Это было так страшно… Нет, так необычно и неожиданно, и это так перевернуло всего меня, что я… чуть не всхлипнул.
– Ты запирайся. Ну! Беги на печь. К Толику.
Фонарик погас.
Дверь затворилась. Снова брякнул железом засов.
Мы молча сели и поехали.
…Уже не однажды за двадцать лет мог бы я свернуть с большака на этот хутор – поглядеть, что выросло из нее, той маленькой женщины. Неужто же она, став женой и хозяйкой, так прижилась здесь, что никак не хочет перебраться ни в городок, ни в Мокрое? А может быть, кто-нибудь давно уже завез ее в далекое замужье, далекое по-нынешнему, не в третью деревню, а за три тысячи километров…

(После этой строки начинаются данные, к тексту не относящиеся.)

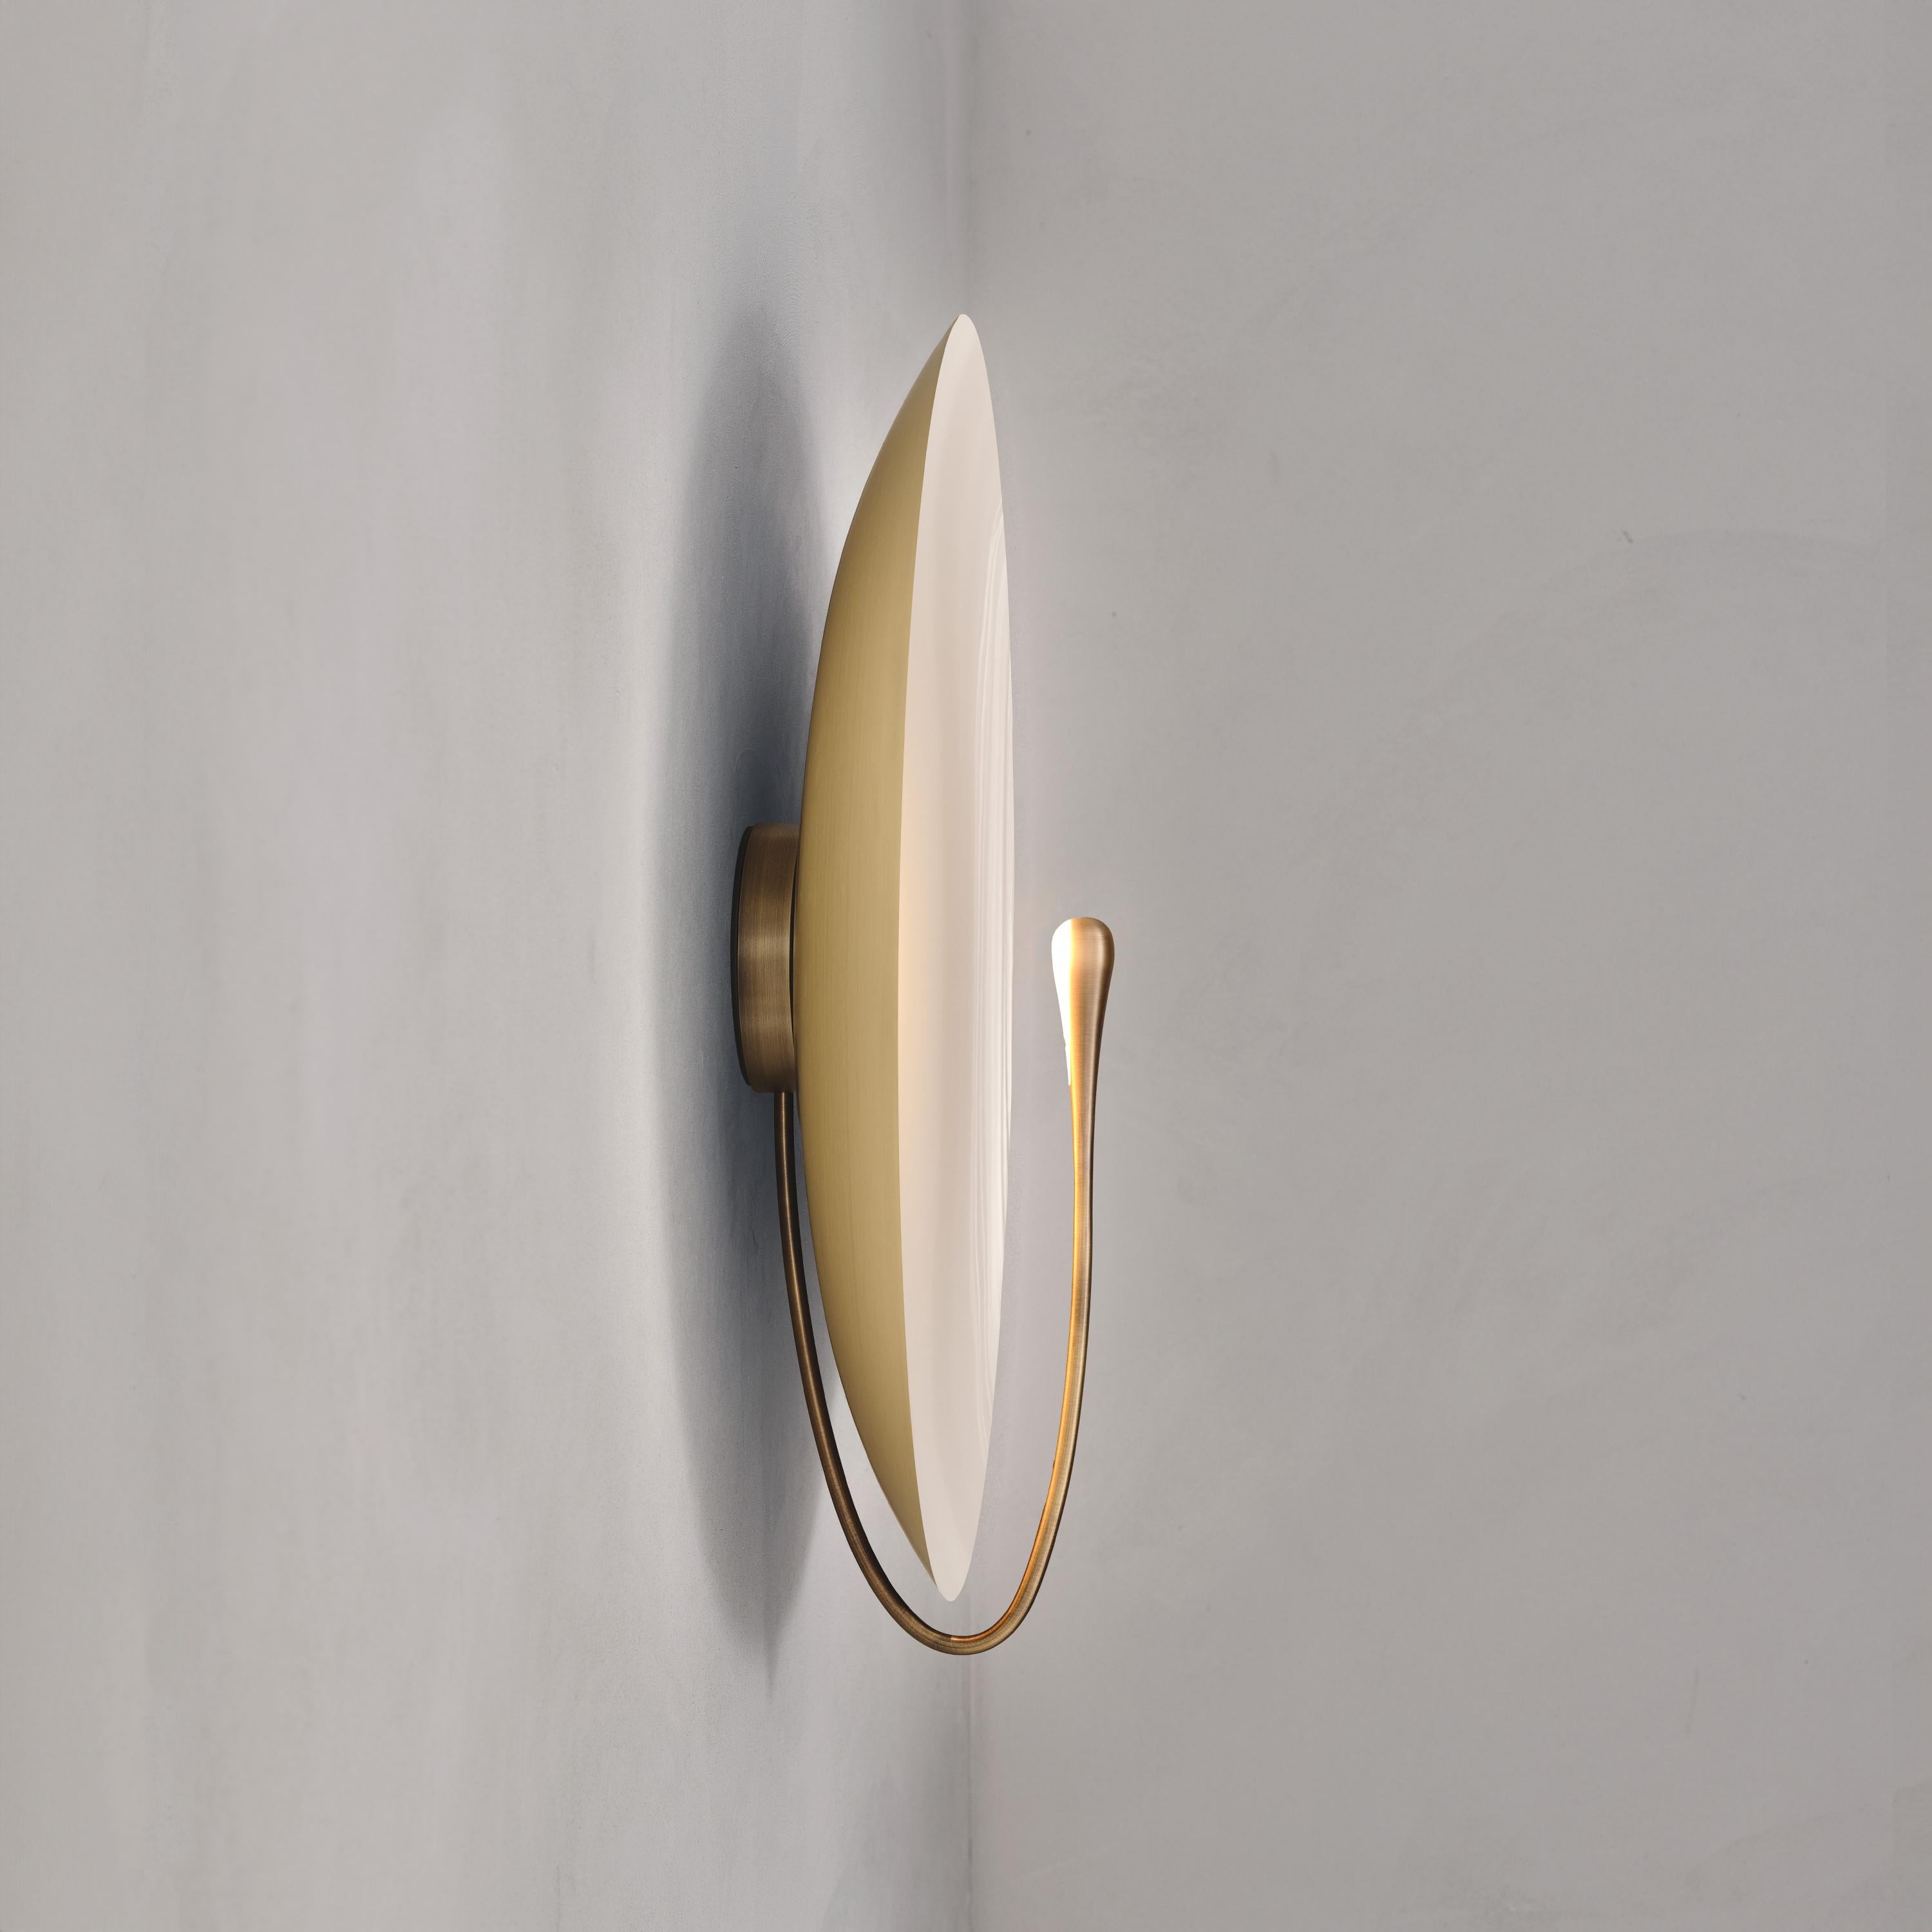 Brushed 'Cosmic Purion XL' Handmade Patinated Brass Contemporary Wall Light Sconce For Sale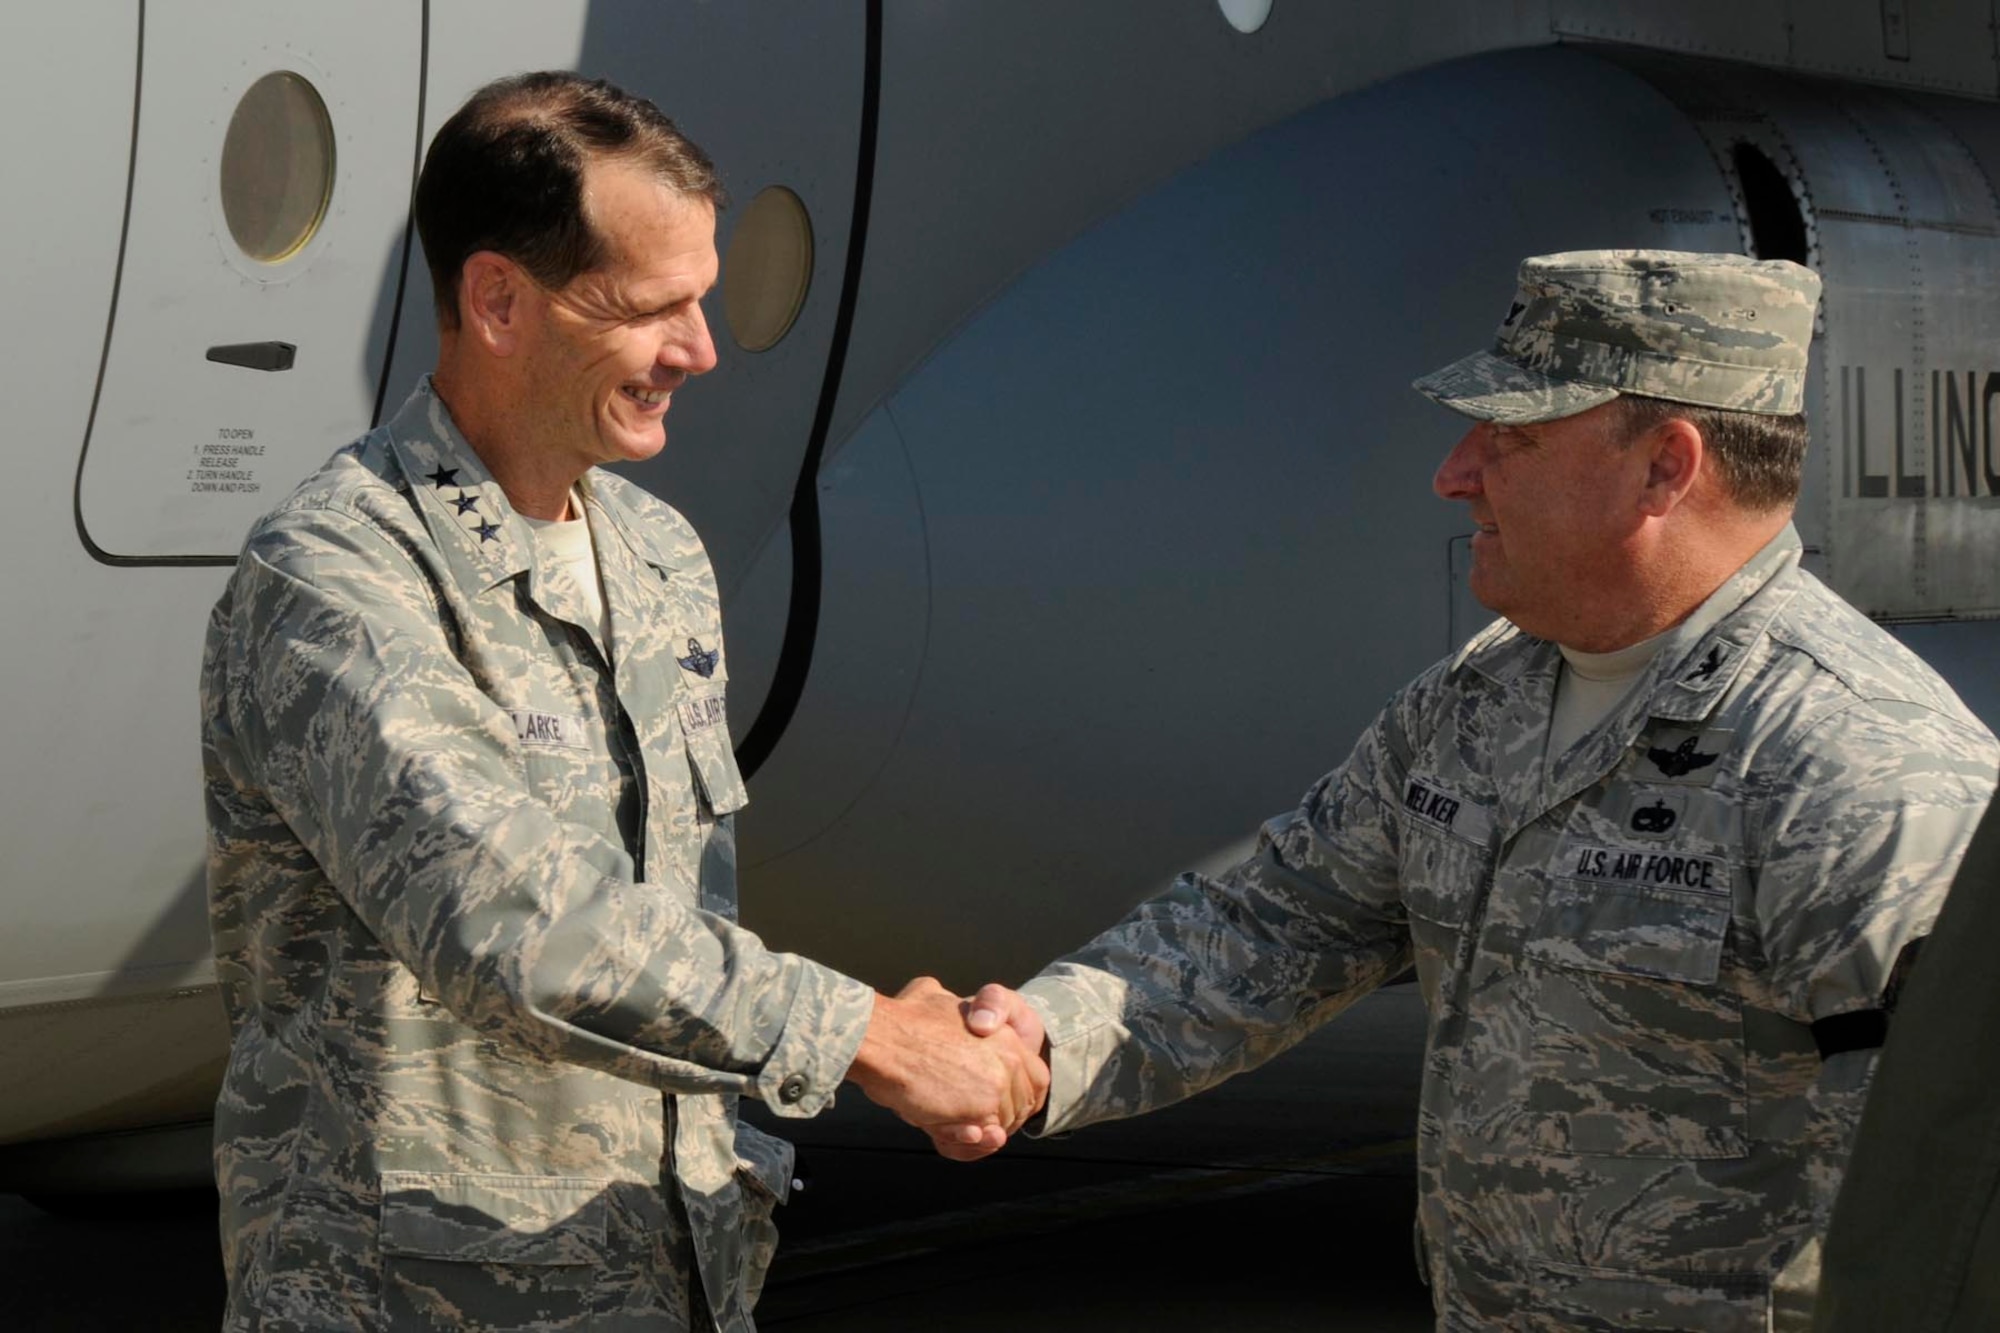 Lt. Gen. Stanley E. Clarke, Director of the Air National Guard, is greeted by Col. Barton Welker, Commander, 182nd Maintenance Group, after arriving for a site visit at the182nd Airlift Wing in Peoria, Ill. Sep. 6, 2013. (Air National Guard photo by Tech. Sgt. Todd Pendleton/released)

Я мог бы, разумеется, зайти, поглядеть, а не то и вспомнить вместе. Да не зашел. И не зайду. Не хочу.
Пускай она стоит в моей памяти такой, как была: в белой студеной мгле, в ярком кругу света, в короткой льняной рубашонке…
Только пускай не боится нас, тех, кто и в завируху не спит из-за нее, ради таких, как она.
Я не успел ей это сказать: ребенку было холодно.